WASHINGTON — Researchers tracking social media and Web searches have detected outbreaks of the flu and rare diseases in Latin America by up to two weeks before they were reported by local news media or government health agencies, a U.S. intelligence official told USA TODAY.
Working at a series of universities and companies around the country, the researchers are part of a program led by the Intelligence Advanced Research Projects Agency (IARPA) that is aimed at anticipating critical societal events, such as disease outbreaks, violent uprisings or economic crises before they appear in the news.
"The goal is to use publicly available information to predict events, such as political violence, disease outbreaks and economic crises," said Jason Matheny, program manager of IARPA's Open Source Indicators program. "We're using leading indicators like social media, Web search trends, Wikipedia in order to identify the events. We're looking at flu outbreaks or other signs of unrest in a population."
IARPA's goal, Matheny said, is to inform U.S. policymakers about major events early enough to make more of a difference. Too often, he said, public announcements of disease outbreaks come too late.
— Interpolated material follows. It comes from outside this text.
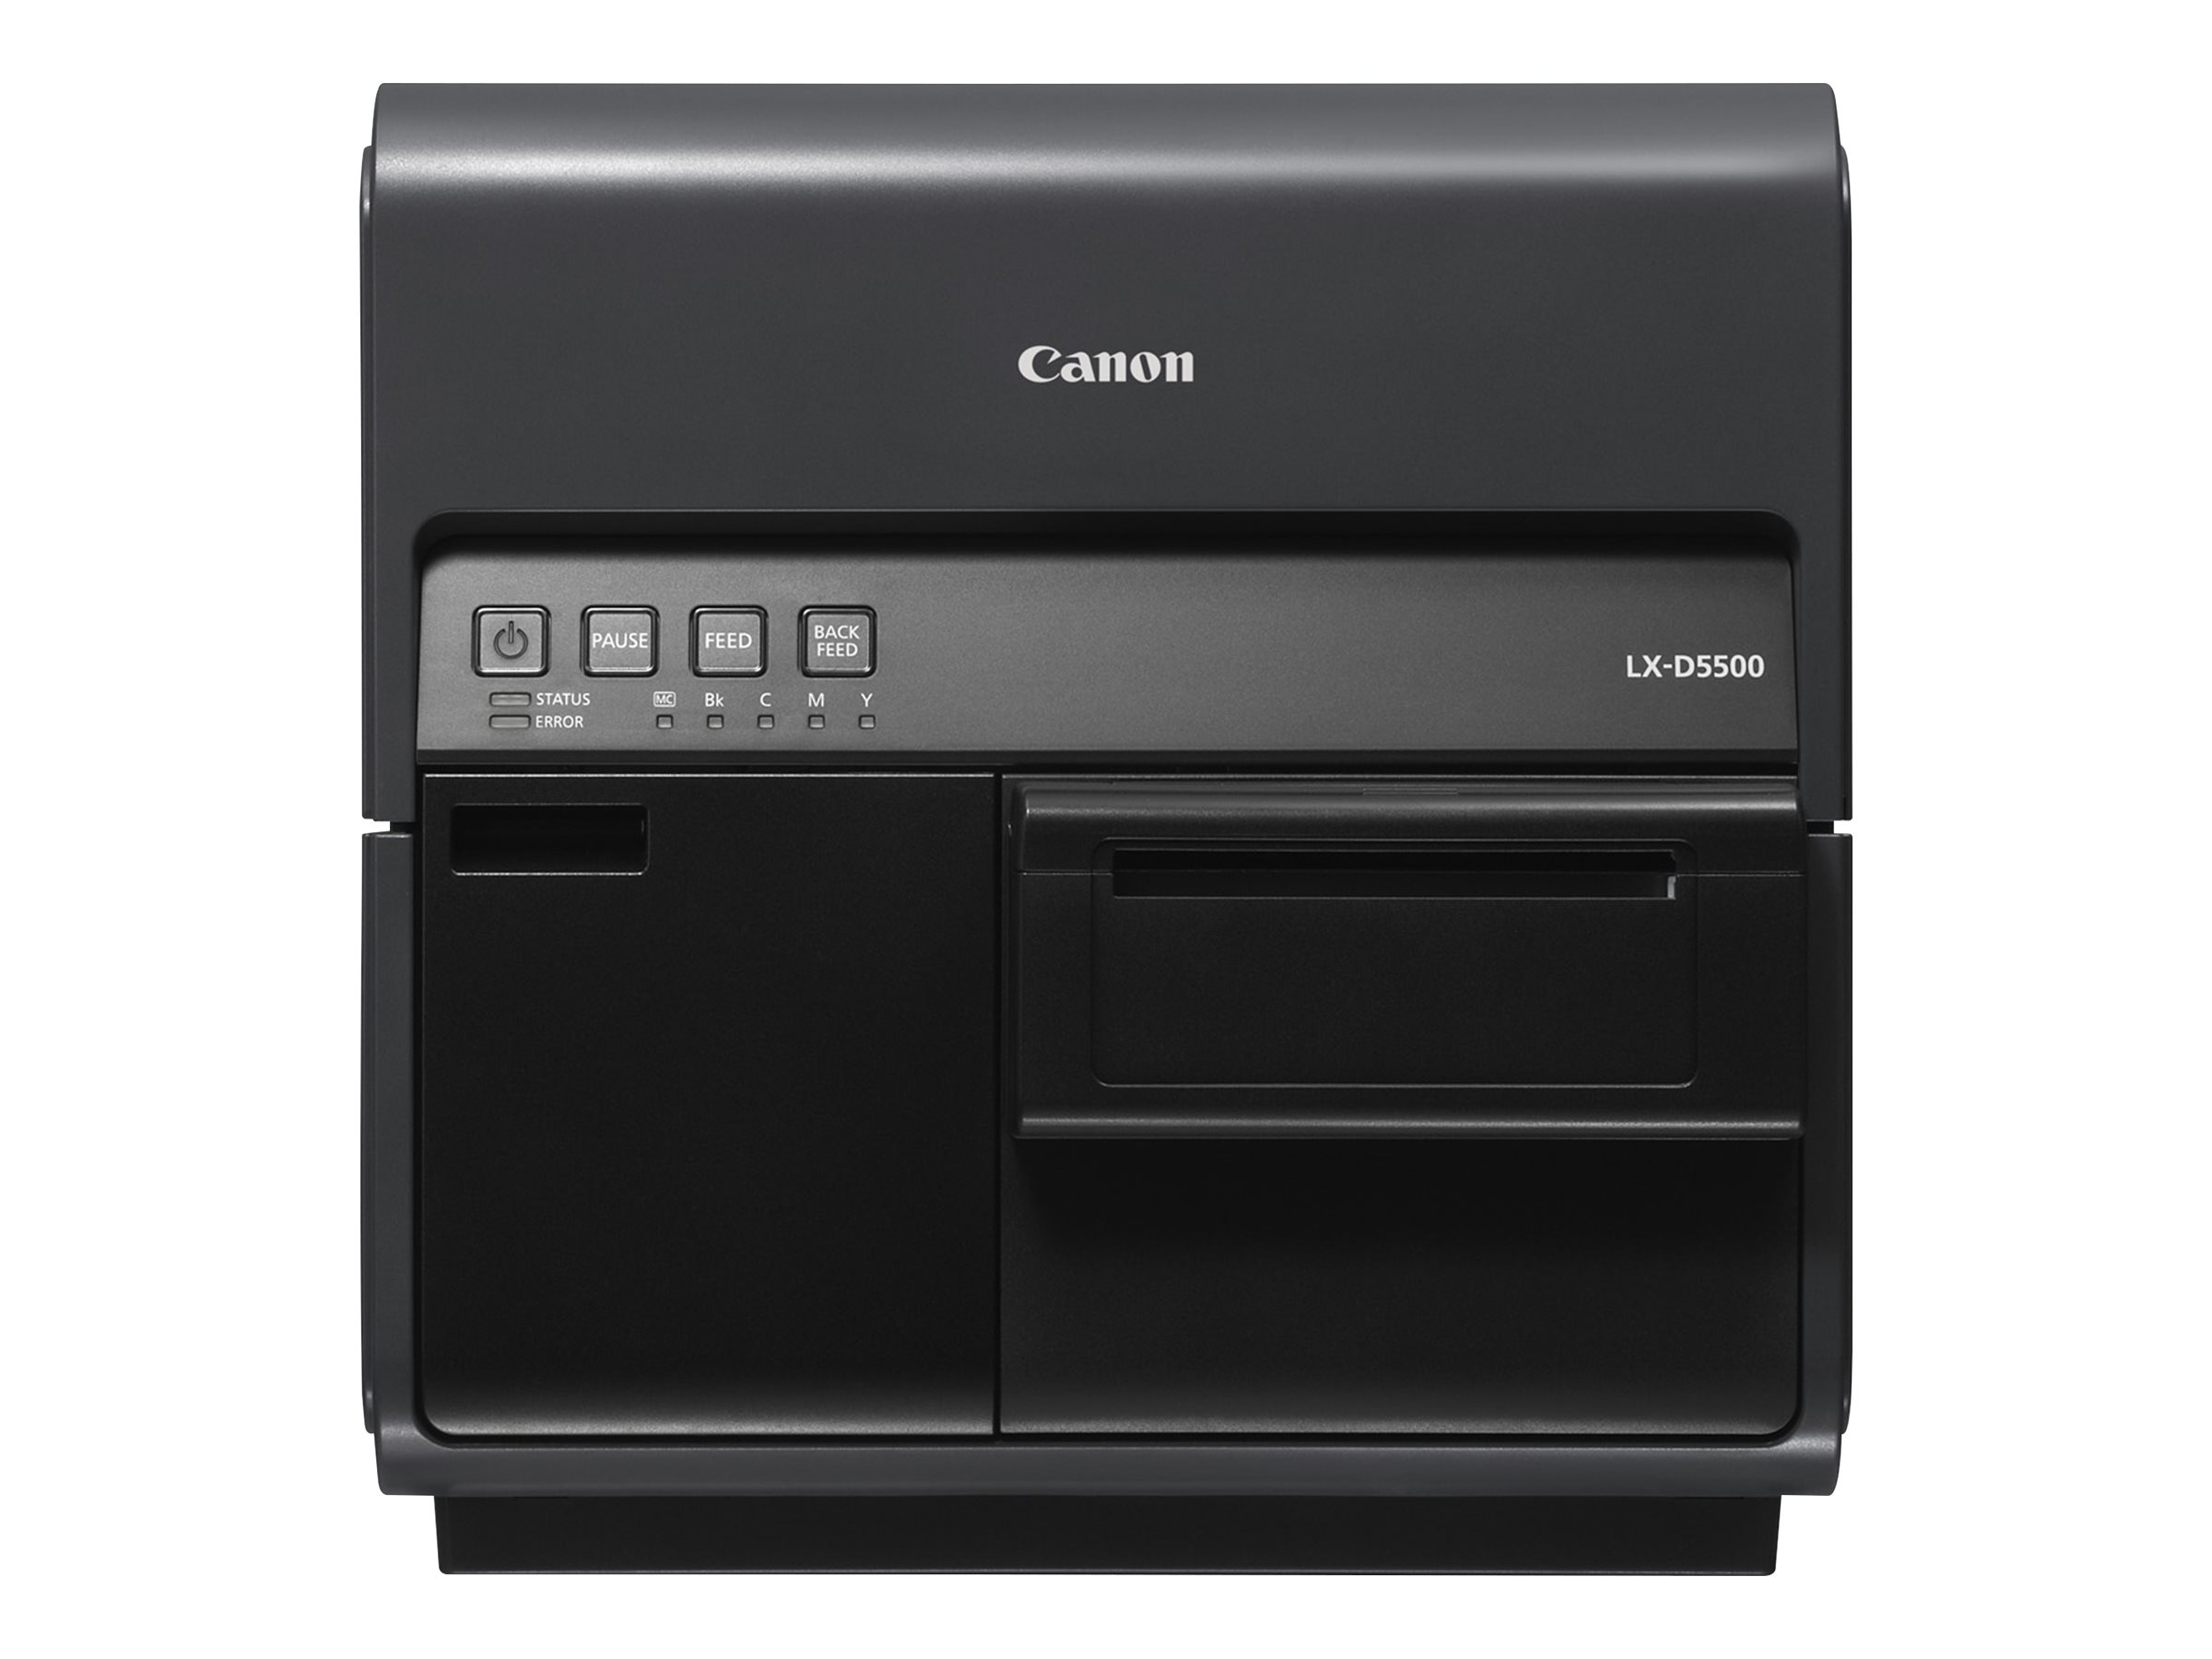 Canon LX-D5500 - Label printer

Intelligence analysts with access to a system able to eliminate the clutter that's common in open source data may be able to get a jump on disease outbreaks or other problems.
For example, analysts monitoring Web searches for information in a given country about the symptoms of a disease such as cholera might determine that residents of that country are experiencing an outbreak. Taken alone, that may not mean much, but when combined with data such as canceled restaurant reservations on sites like Open Table, the data may signal a larger health emergency.
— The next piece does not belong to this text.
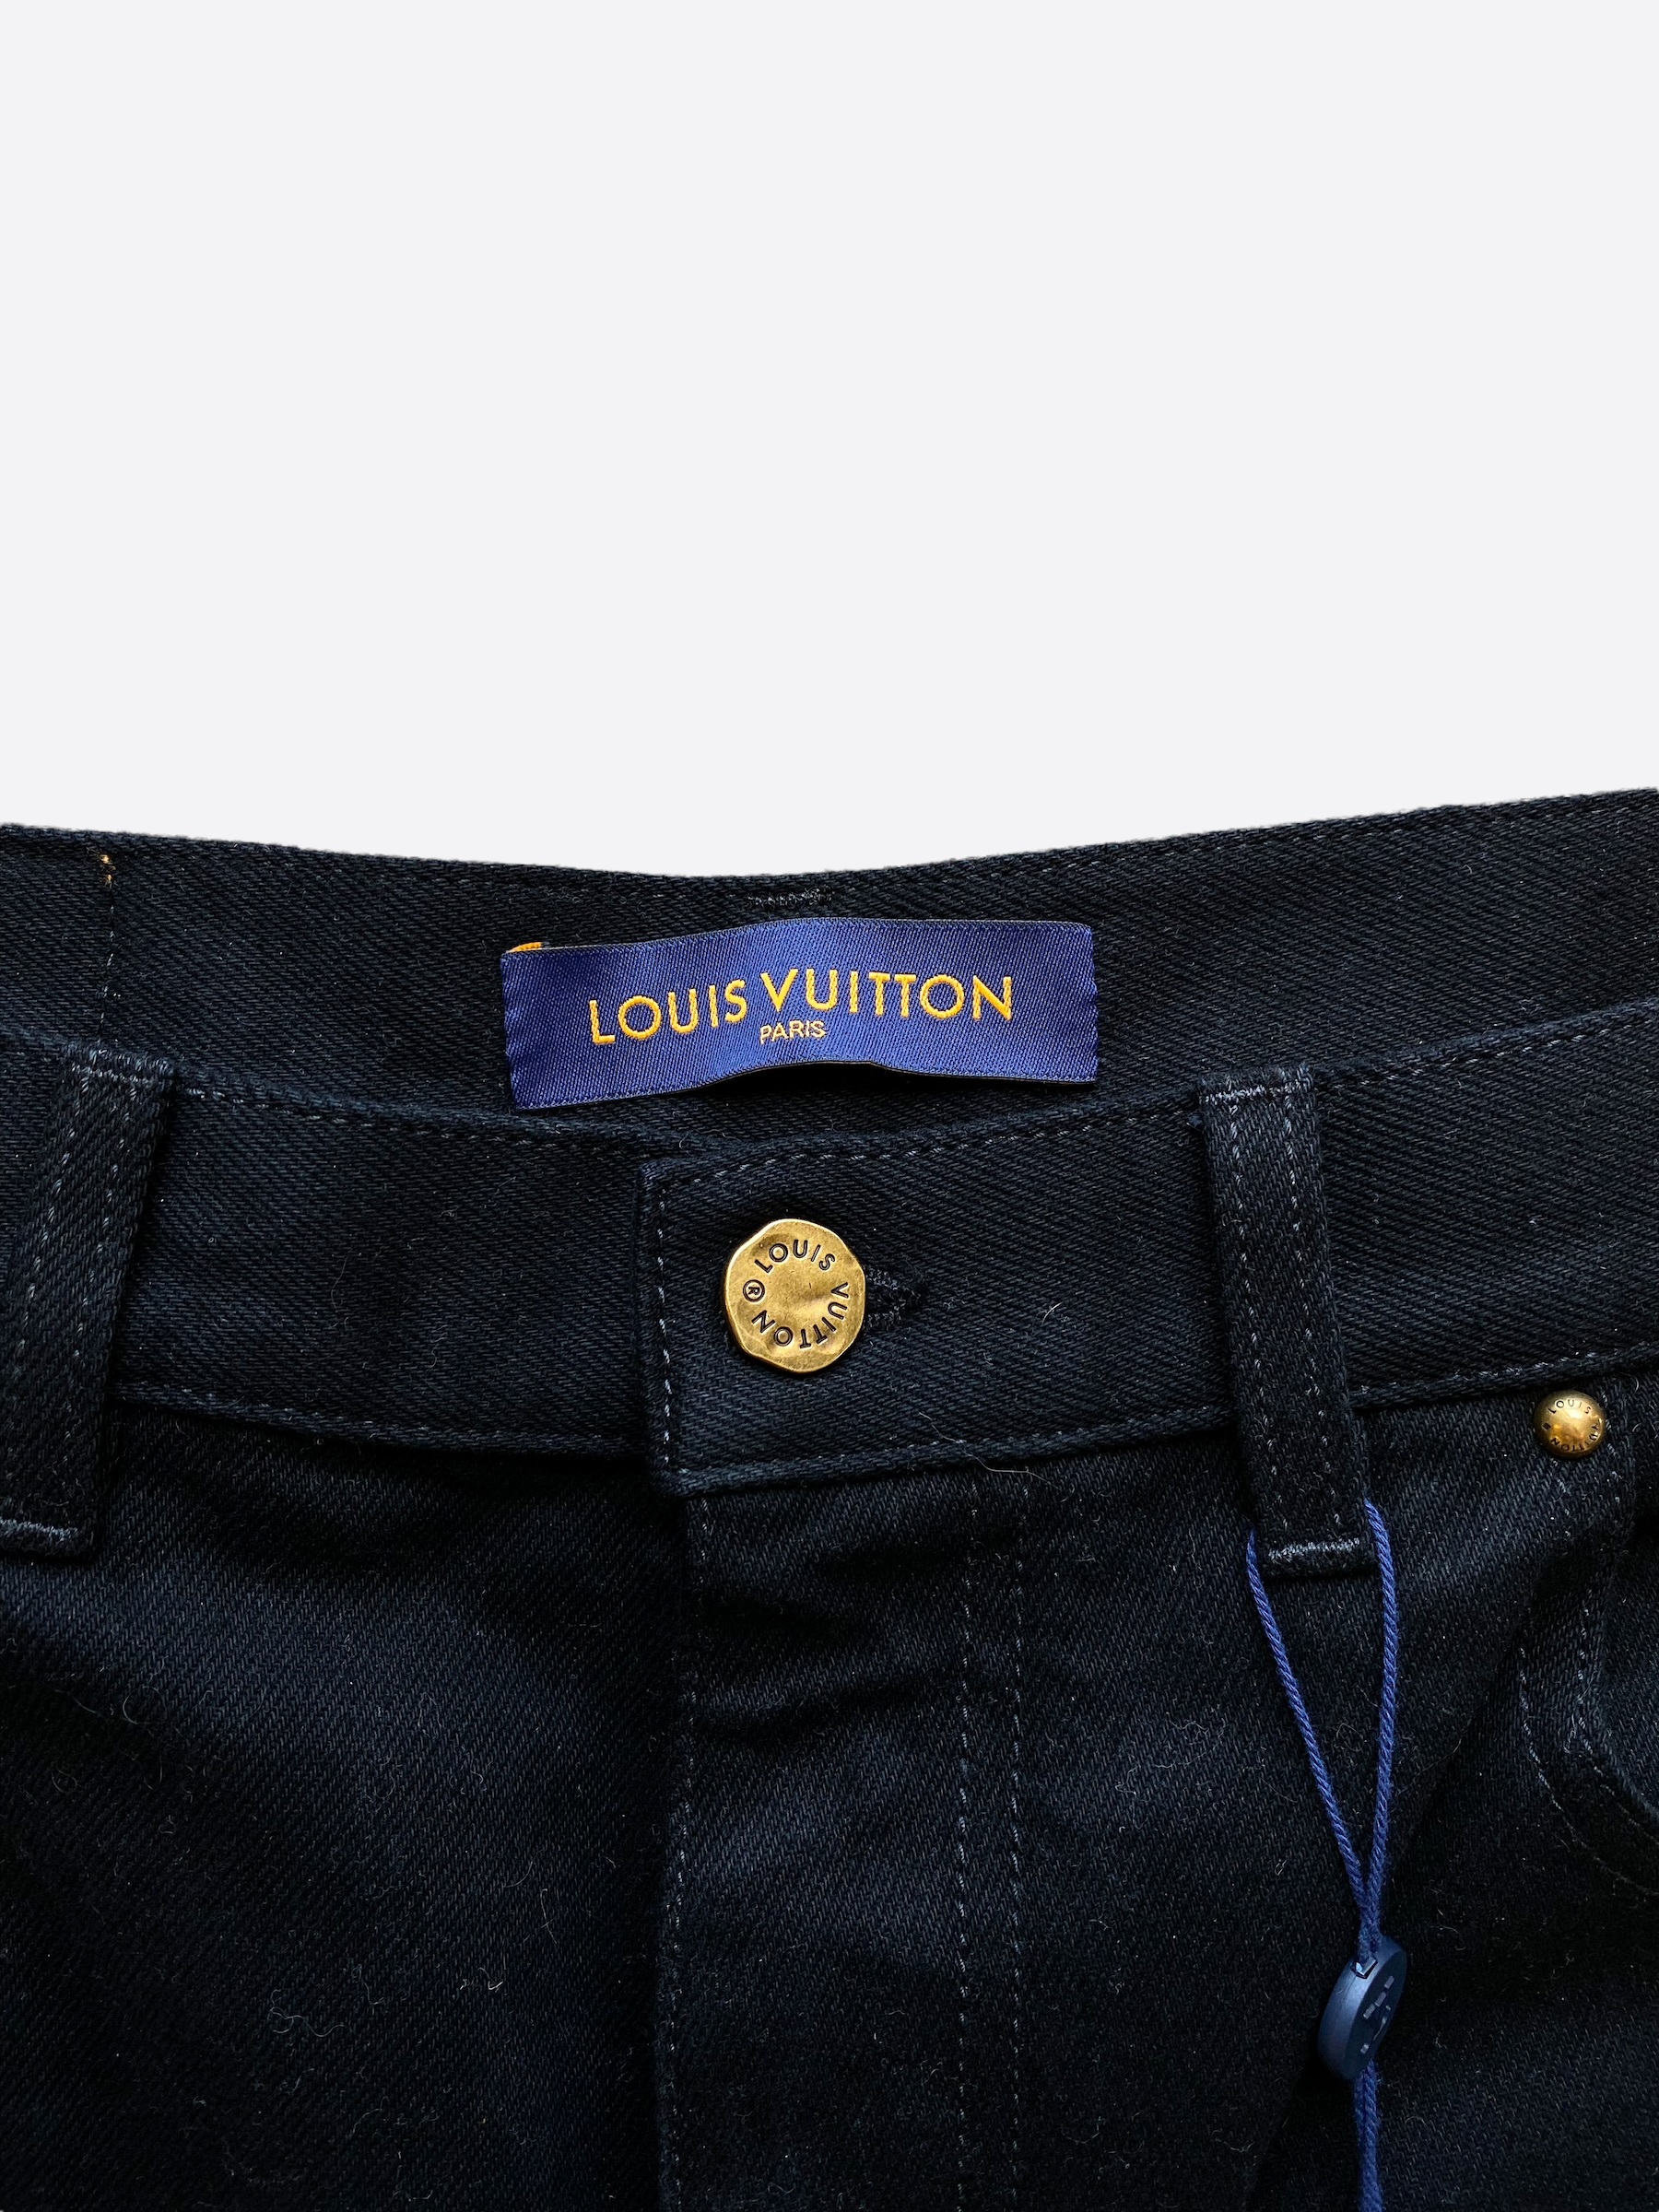 Louis Vuitton Paris jeans new with tags size waist 36

"The early information is critical in detecting the problem and getting people treatment," Matheny said. "One of the goals of this is provide that kind of early warning system. It can protect U.S. citizens abroad or enable the government to issue travel advisories about certain places."
While Matheny would not disclose the cost of the program, officials at Virginia Tech, which is part of the research team, said it was part of a three-year, $13.36 million program. Matheny said the research has another year left. Other participants, IARPA documents show, are the University of Maryland, Cornell University, Harvard Medical School, San Diego State University and CACI and Basis Technology, two military contractors.
Last week, IARPA issued a request for information looking for potential researchers to help code the torrent of societal events they collect as part of the open source indicators program.
All of the information analyzed by the IARPA researchers is open source, which means it is publicly available and not classified. Although the intelligence community's image is of clandestine operatives working in dangerous locations, open source information is a growing part of what analysts use to paint a more accurate picture of what is happening around the world.
IARPA is the intelligence community's version of the Defense Advanced Research Projects Agency (DARPA), which performs much of the military's research into technology to make better weapons or improve medical treatments. The agency says it "invests in high-risk, high-payoff research programs that have the potential to provide the United States with an overwhelming intelligence advantage over future adversaries" and reports to the director of National Intelligence.
Despite its early success in anticipating events, Matheny said, IARPA is concerned about what it calls "model drift," in which a system designed to track data in one location might provide incorrect information about another country. In late January, IARPA issued a request for research proposals to stop model drift.
"The model drift is to protect us from having a program become outdated," Matheny said. "Say you had a model that allowed you to track disease outbreaks that was designed and used in 2014. But now it's 2016. How confident can you be that it works as it was designed to? That's a problem with model drift.